Key Features and Innovation:

  • Training a Graph Neural Network to predict second measurement results of products based on first measurement results.
  • Constructing graphs of the first measurements and generating a training data set for the network.
  • Utilizing the network to make predictions based on the graphs.

Potential Applications:

This technology could be applied in industries where predicting product quality or performance based on initial measurements is crucial, such as manufacturing, healthcare, or environmental monitoring.

Problems Solved:

This technology addresses the need for accurate and efficient prediction of product outcomes based on initial measurements, which can help improve quality control and decision-making processes.

Benefits:

  • Enhanced accuracy in predicting product outcomes.
  • Improved efficiency in analyzing and interpreting measurement data.
  • Potential cost savings by reducing the need for manual analysis and intervention.

Commercial Applications:

Predictive maintenance in manufacturing, quality control in healthcare diagnostics, and environmental monitoring for regulatory compliance are potential commercial applications of this technology.

Questions about Graph Neural Networks:

1. How do Graph Neural Networks differ from traditional neural networks in terms of structure and function? 2. What are some common challenges in training Graph Neural Networks for predictive tasks?


Original Abstract Submitted

A computer-implemented method of training a Graph Neural Network for predicting second measurement results of produced products based on received first measurement results is disclosed.
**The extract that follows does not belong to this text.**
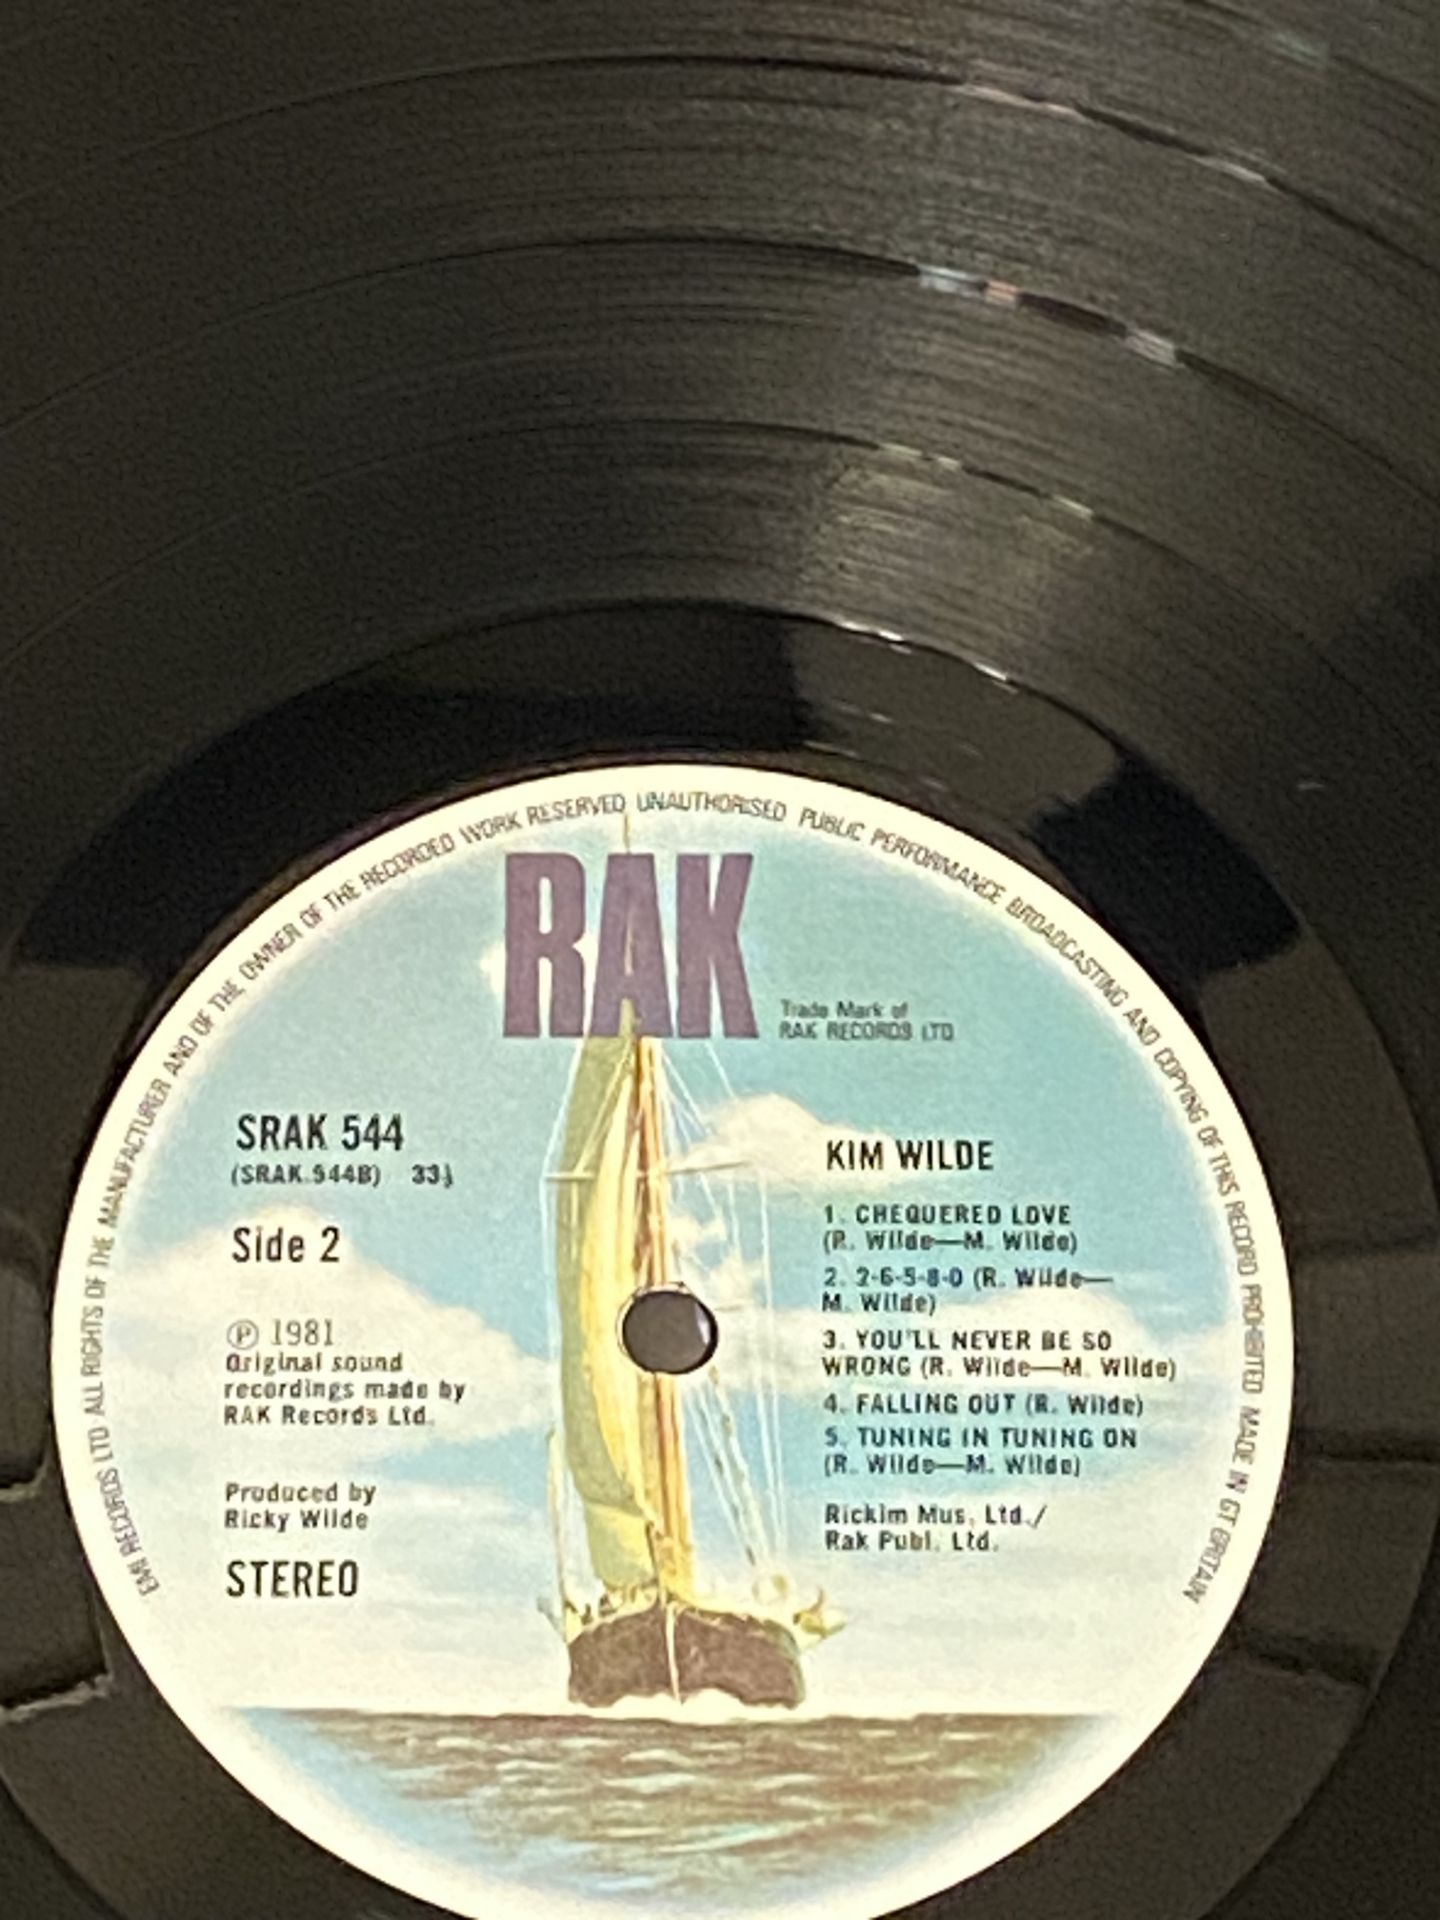 Kim Wilde Signed LP - Alan Partridge LP - The Firm LP. - Image 6 of 20

The method includes (i) receiving first measurement and second measurement results for a plurality of produced products, (ii) constructing graphs of the first measurements and generating a training data set by assigning the corresponding second measurement of the first measurement to the corresponding graphs, respectively, and (iii) training the Graph Neural Network on the training data set to predict the second measurements based on the graphs.